Stoa vs Granola
Stoa vs Granola: AI meetings compared
Granola and Stoa solve different jobs. Granola is an AI notepad: you take rough notes during a call and it cleans them up afterward from the transcript. Stoa is the meeting itself, a live video room where an in-room agent captures decisions and writes runnable code while the team talks. If you only want better notes, Granola is excellent. If you want the meeting to produce decisions, specs, and working prototypes, that is what Stoa is built for.
| Feature | Stoa | Granola |
|---|---|---|
| Built-in video meeting | Yes, the call happens in Stoa | No, runs alongside your call |
| In-room AI agent that writes and runs code | Yes | No |
| Decision log with rationale | Yes, captured live | Notes and action items |
| Runs without a separate bot in the call | Yes, Stoa is the call | Yes, Granola is botless |
| Local-first context you own | Yes, syncable to disk | Notes export available |
| Pricing | Usage-based, $5/hour, no seats | Per-user monthly plans |
The bottom line
Pick Granola when you want a lightweight, mostly-solo notepad that tidies your notes after a call.

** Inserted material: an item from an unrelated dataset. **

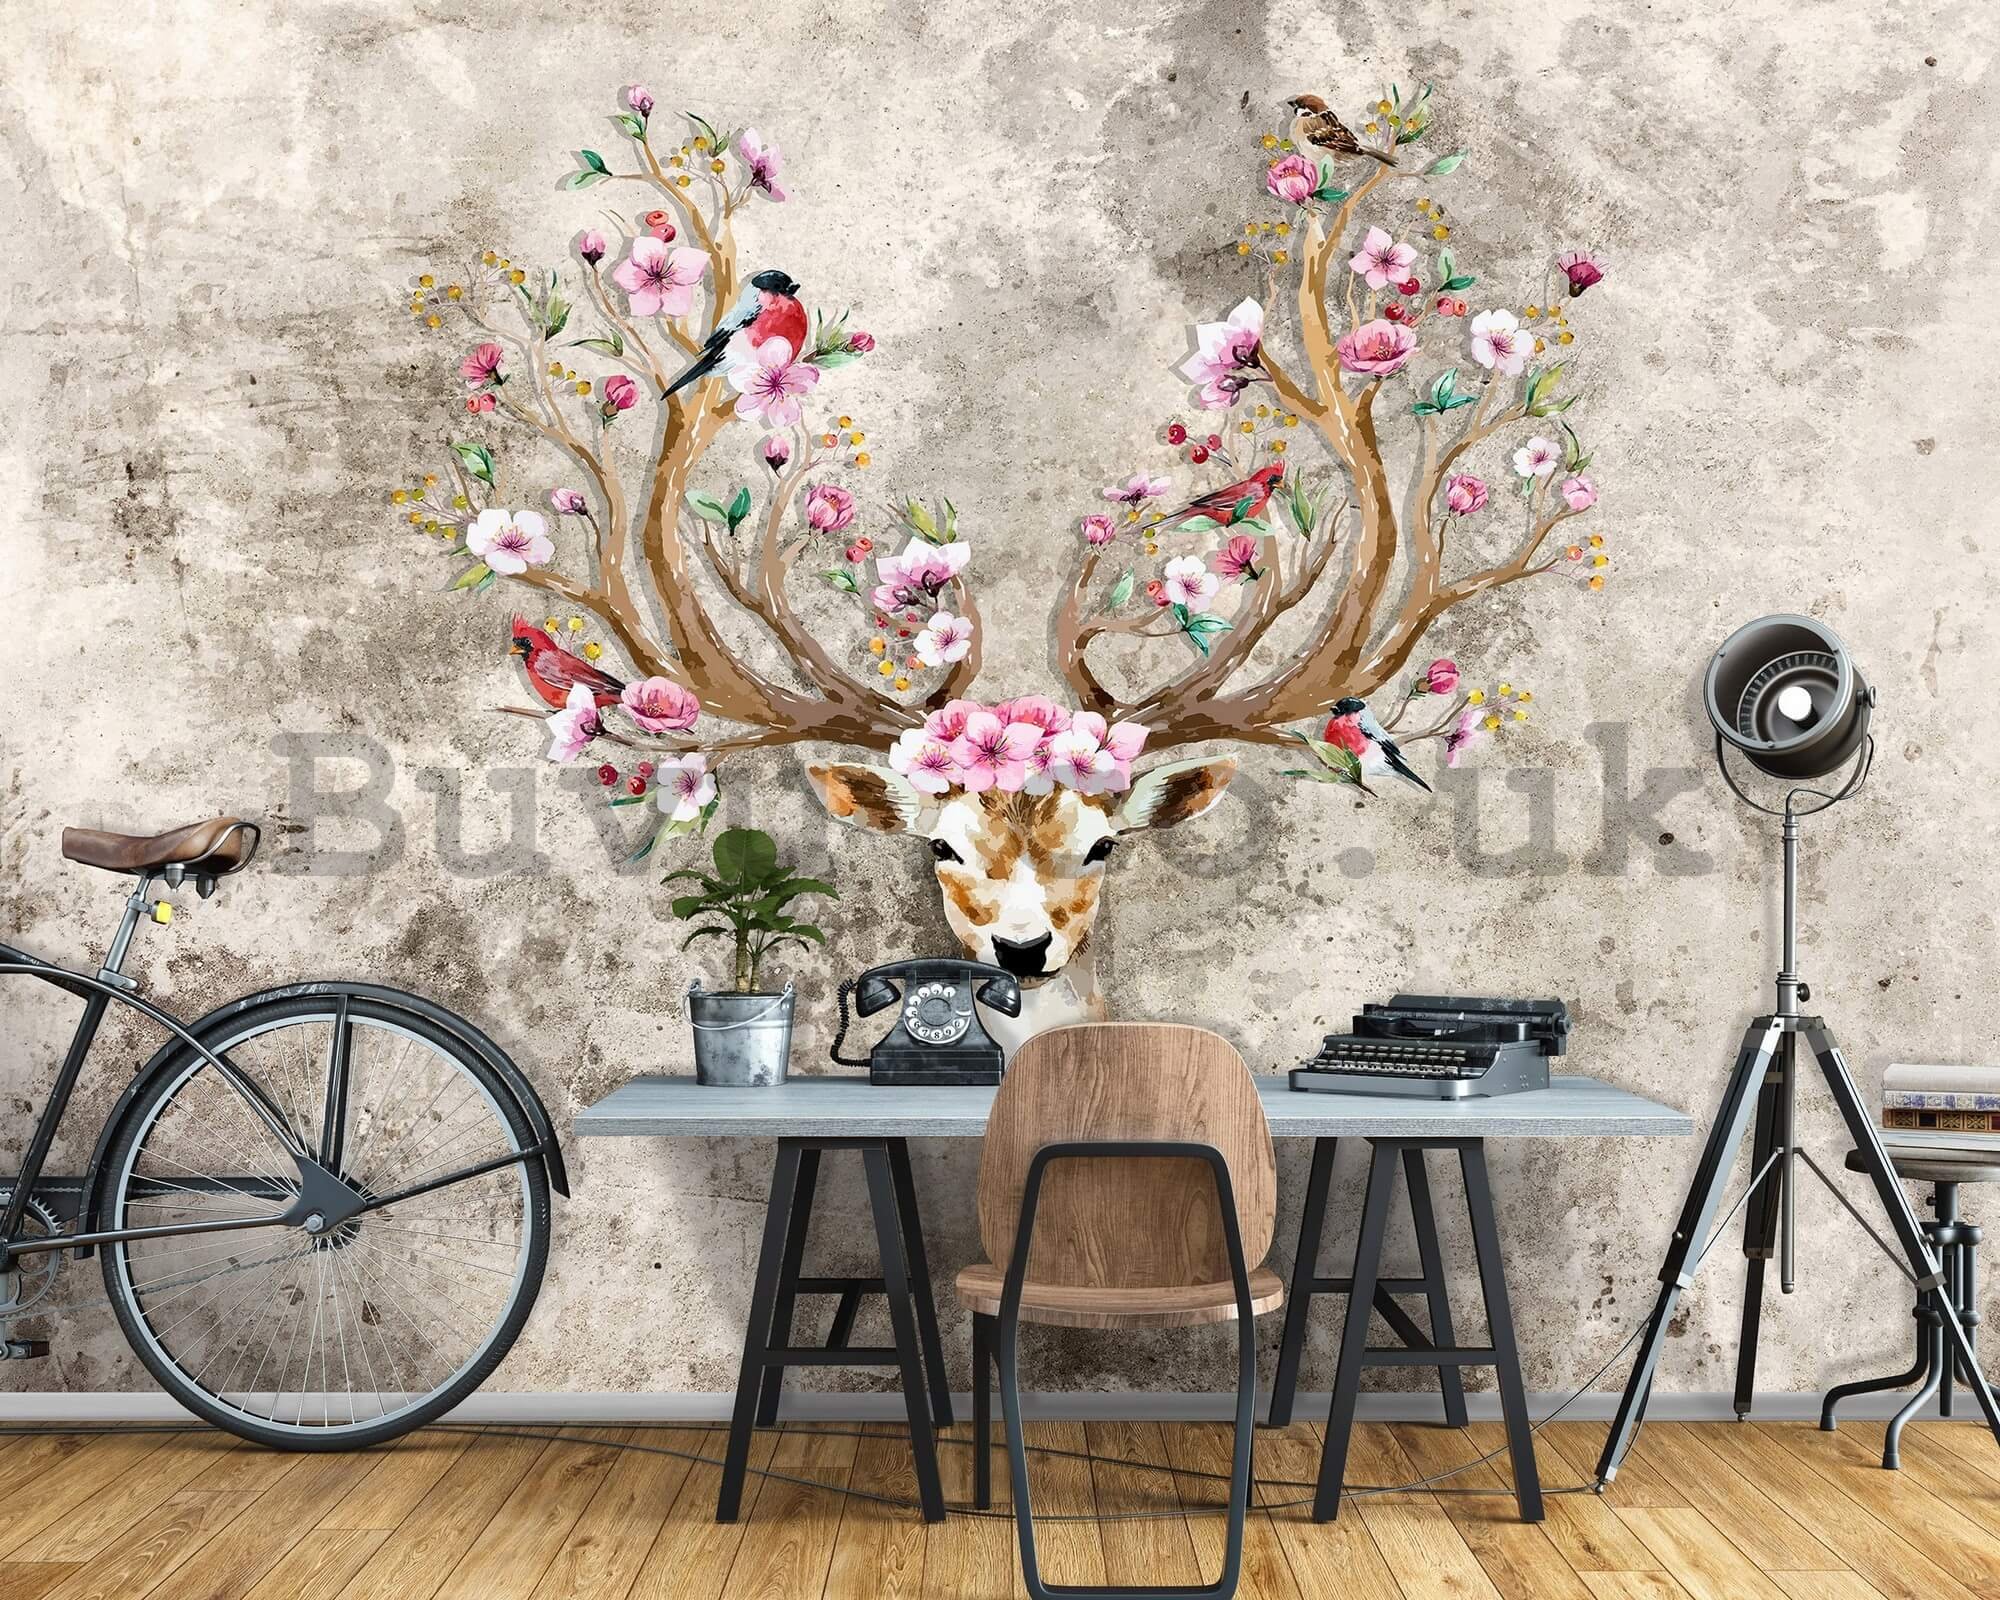 Wall mural vlies: Deer and flowers - 416x254 cm

Pick Stoa when a meeting should end with decisions, a spec, or a working prototype, captured live and owned by your team.
Frequently asked questions
Is Stoa a Granola alternative?
They overlap on capturing what happened in a meeting, but Stoa adds built-in video and an in-room agent that drafts artifacts and writes code during the call, where Granola focuses on cleaning up notes afterward.
Does Stoa need a meeting bot like other tools?
No. The video call happens inside Stoa, so the agent hears everything without a separate bot joining. Granola is also botless, capturing system audio on your machine.
How does pricing compare?
Stoa is usage-based at $5/hour with no per-seat fees. Granola uses per-user monthly plans. Which is cheaper depends on team size and how many hours you meet.